# Razer Mamba vs Naga



## Kewl Munky

Anyone know some important differences? I know that the Mamba has the option of wired and wireless where you can detach the cable once the battery is charged, and I know that the Naga has all the extra buttons geared for MMO players. I also read that the Naga's software doesn't have as many settings, but as for the laser's specifications they both have a 3.5G laser, 5600dpi, and 100Mhz pooling rate.

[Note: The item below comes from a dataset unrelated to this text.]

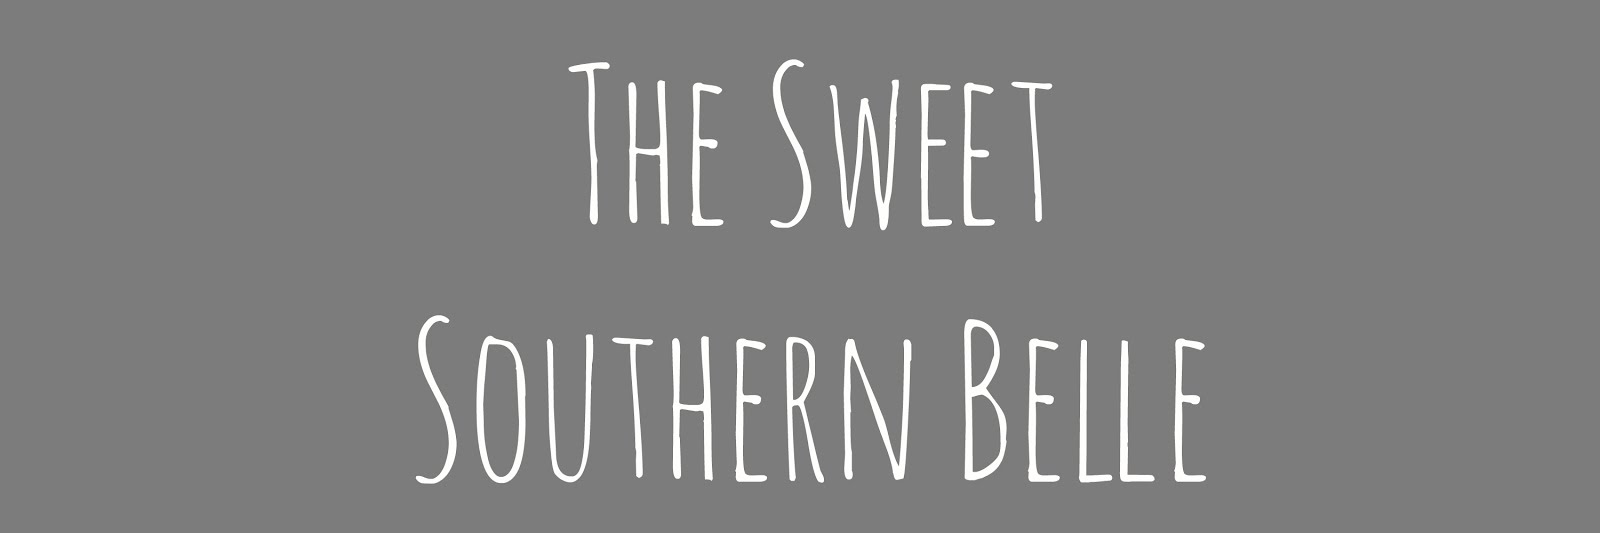 The Sweet Southern Belle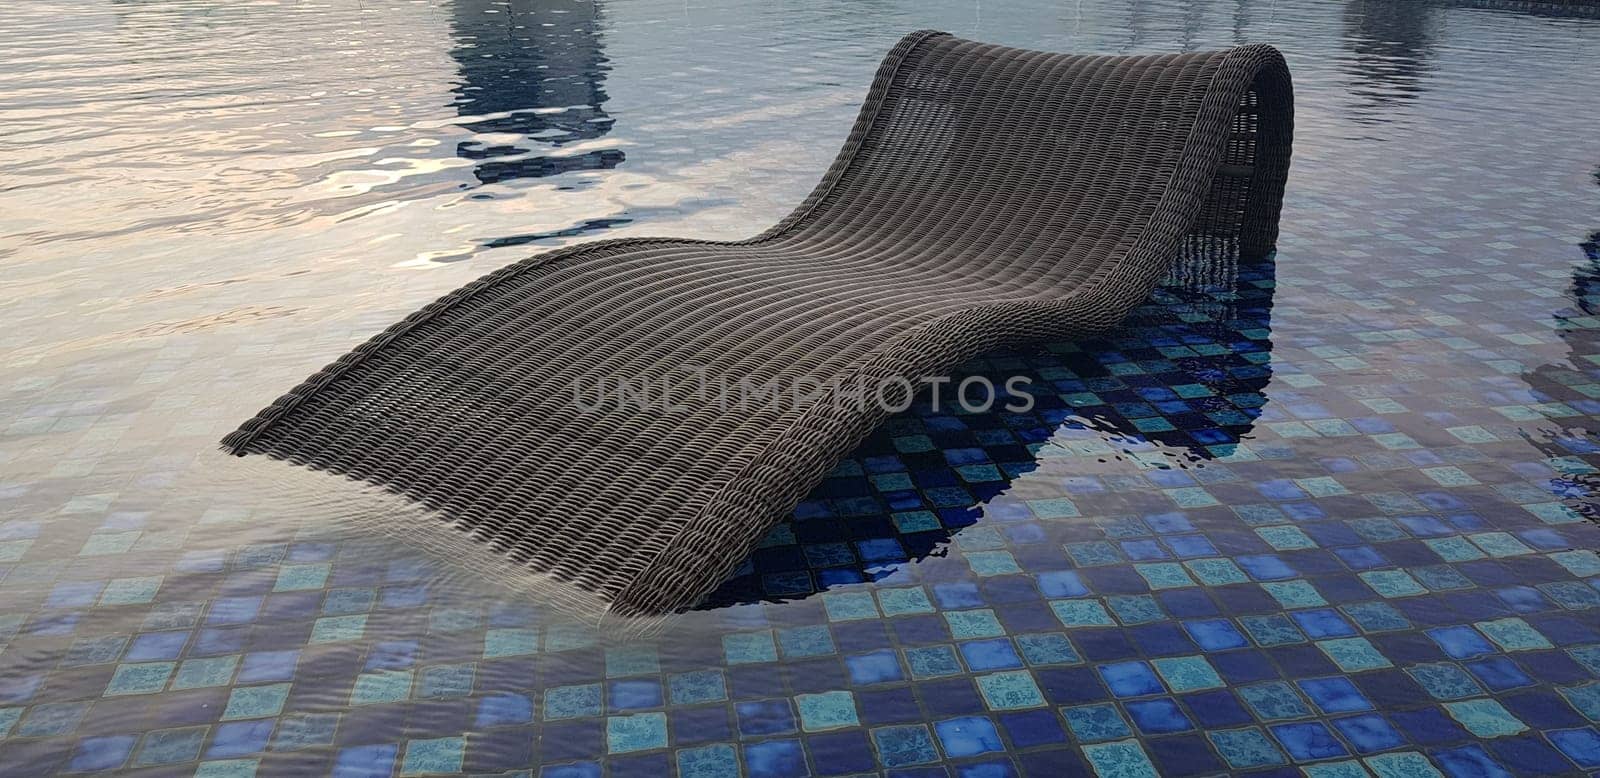 relax deck chair by the blue pool at swimming pool in luxury spa resort or villa Tourism industry crisis after covid 19 coronavirus pandemic Travel lifestyle on family summer vacation

Why is the Naga Only $80 while the Mamba is $130?


----------



## ScottALot

I'm wondering the same thing. Though, it's Razer, they'll price anything freakin' high.


----------



## Calibretto

I think the Naga is extremely stupid. C'mon, _twelve_ thumb buttons? It's almost as bad as the OpenOffice mouse. Just use your keyboard, people.


----------



## lubo4444

Why dont you get logitech or something else? I had some bad experience with Razer products.


----------



## Computer_Freak

i honestly wont pay that much for any mouse

I bought the Cyber Sniper Stinger, and its a brilliant buy

* cheap,
* EXTREMELY comfrotable (i actually cannot describe how comfortable it is), 
* on the fly DPI switching, 
* easy to use software (macro's, mouse setting etc), 
* 4 way scrolling, 
* laser sensor up to 3200DPI, 
* 1000MHz polling rate, 
* weight system (its amazing at how much of a difference the weights actually make)
* comes with extra feet (ive had my mouse for a year, and the feet arent even worn in, and im on hte computer about 6 - 10 hours a day.) 
* slides well

but i think one of the best things is that the buttons are not in your way, but the are quickly accesible. like the side butttons. your thumb can rest comfortably, without pushing any buttons (even if you squeeze), but move your thumb up very slightly, and you on the button.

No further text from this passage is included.